Despite his parliamentary majority there were limitations on Stamboliiski’s freedom of action. Reparations complicated matters not only because revenue had to be diverted to meet payments, but also because the government was forced to requisition draught animals for delivery to Bulgaria’s neighbours. This impaired productivity and created yet another opportunity for corruption. Meanwhile, the allies remained suspicious of so radical a government, and in September 1921 they intervened to insist upon the dissolution of a government grain purchasing consortium which had restricted merchants’ sphere of operations, to say nothing of their profits.
The grain consortium had been intended to restrict such profits and was part of BANU’s offensive against those whom it considered parasites. Lawyers were even more in the firing line. They were denied the right to sit in parliament or on local councils, and were barred from major public office. The agrarians also established new lower courts to deal with issues such as boundary disputes, and in these courts peasants were to plead their own cases before judges elected by the local populace. The agrarians also greatly limited the king’s power to make appointments, and they required banks to help fund credit cooperatives. BANU’s main objective, however, was to redistribute land.
Plate 7.1 The old and the new in the Bulgarian peasantry; Aleksandûr Stamboliiski with his father.

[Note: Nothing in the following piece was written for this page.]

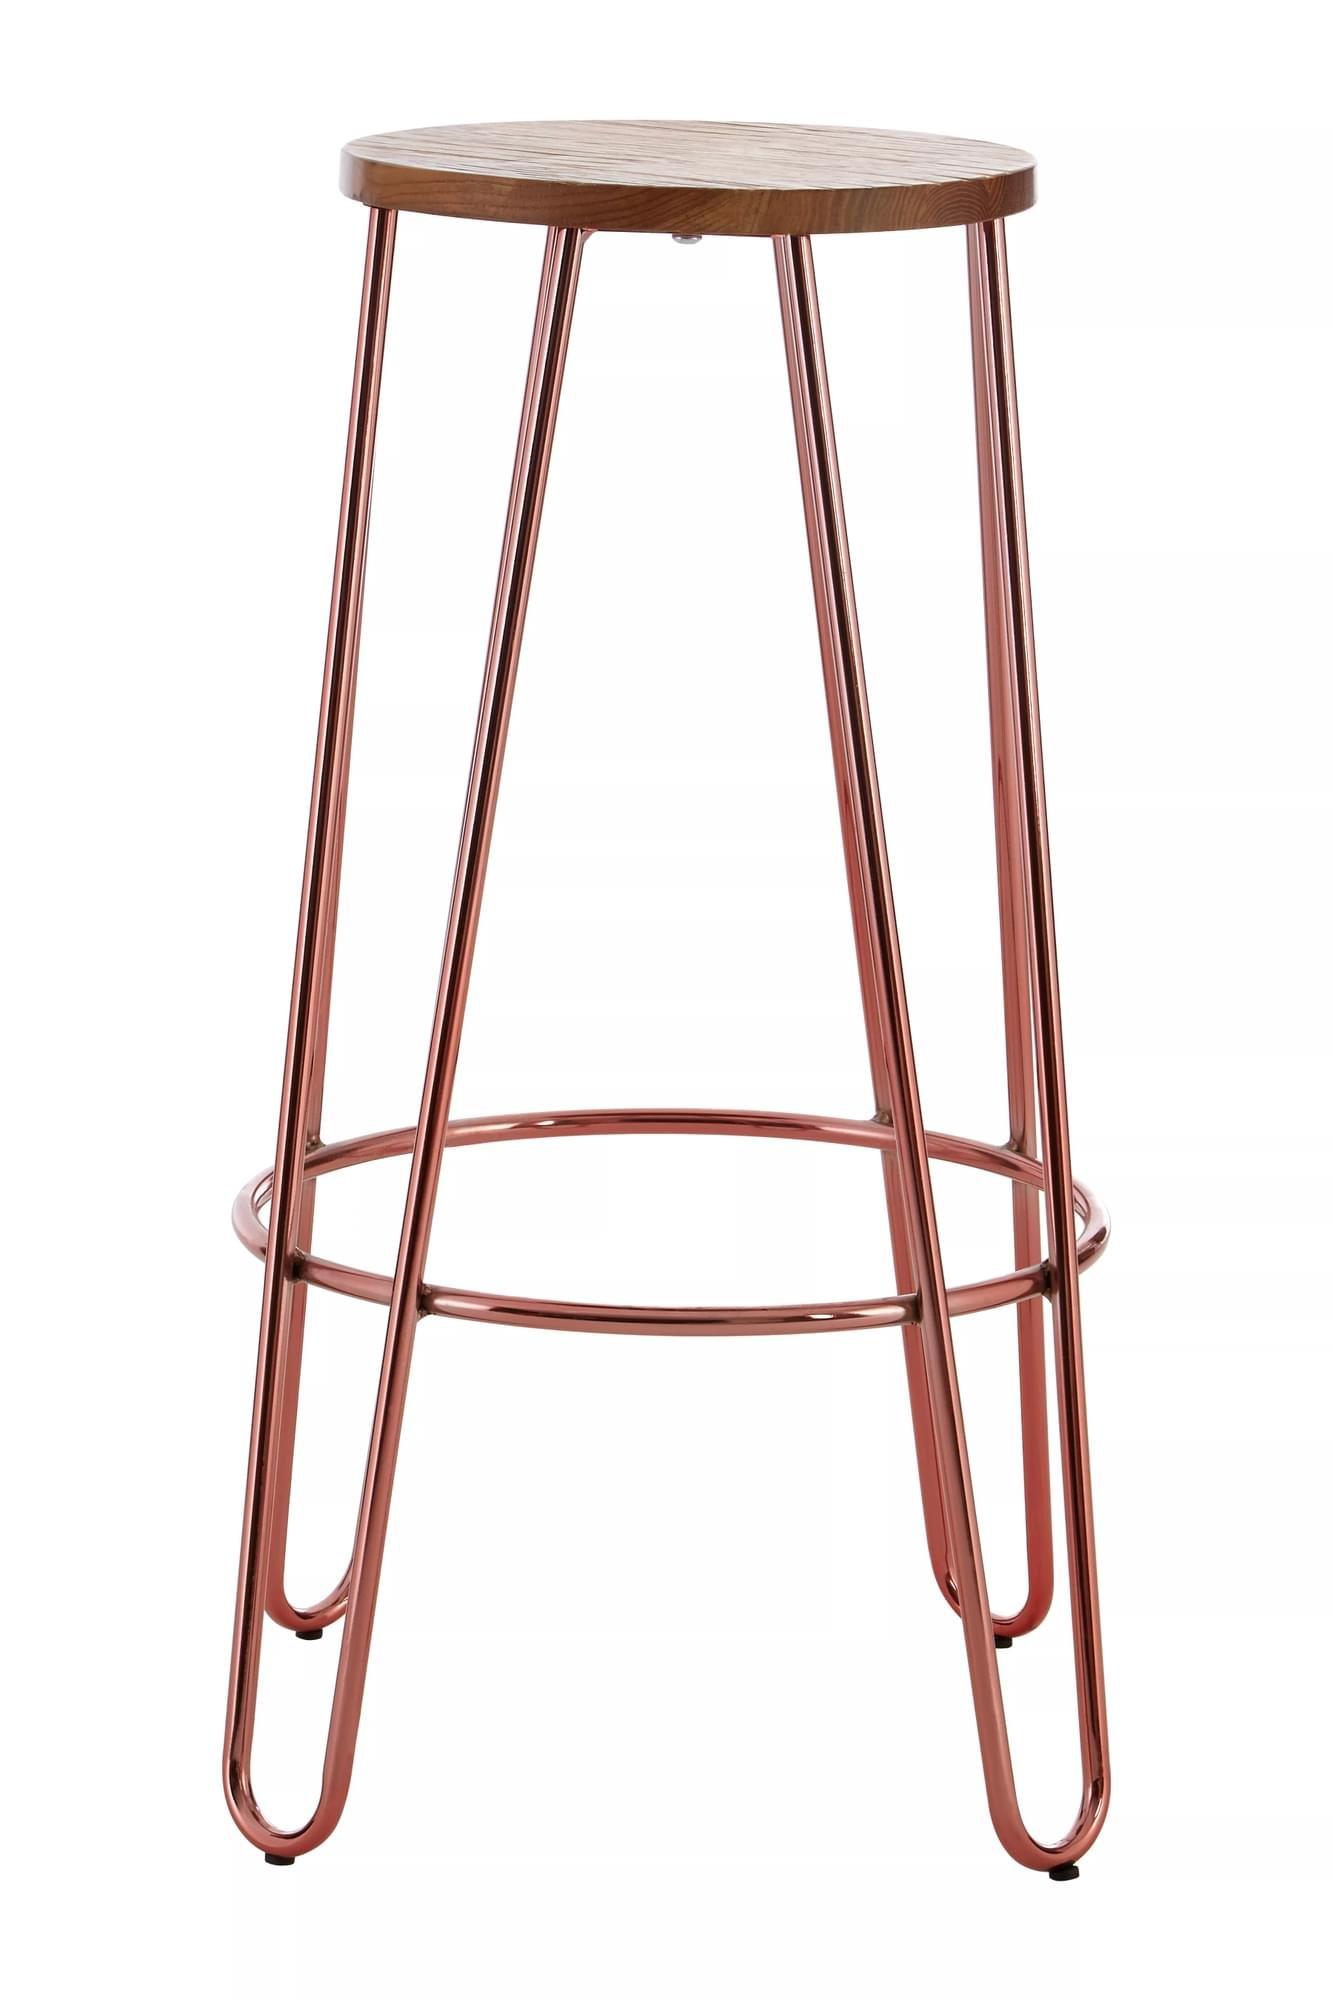 Interiors by Premier Rose Gold Metal and Elm Wood Round Bar Stool, Hairpin Stool, Sturdy Stool for B

In June 1920 a bill was passed to establish a state land fund. Into this would go exce
ss property. All Bulgarians were allowed four hectares of inalienable land but absentee owners were to lose anything above that amount. For those working their land the maximum holding was to be thirty hectares in arable areas and a little more in forest regions; there was to be an extra five hectares for the fifth and every subsequent member of a family. For those who lost land there was to be compensation in the form of government bonds, with payment being on a sliding scale which reduced the amount per hectare as the number of hectares increased. In April 1921 a second act was passed clamping down on the corruption which had allowed some owners to escape the first bill. The 1921 act also stated that monastic lands were now to be included within the act’s provisions, and it made it easier for dwarf-holders and the few landless peasants to purchase more land. The agrarians had hoped to redistribute over a quarter of a million hectares but they were to be disappointed. The process of redistribution was slow and still open to corruption but most important of all there were very few individuals who owned large estates, and institutional owners were more difficult to tackle. By June 1923 only 82,000 hectares had changed hands, and in 1926 only 1 per cent of all the land held in the country had been acquired as a result of redistribution. On the other hand, after the fall of the agrarian government almost all of their land legislation, including the principle of maximum holdings, remained in force. This did not apply, however, to the extension of the maximum property regulations to urban areas and the ruling that all families should have only two rooms and a kitchen, with extra rooms for larger families. This legislation was repealed as was that placing limitations on office space.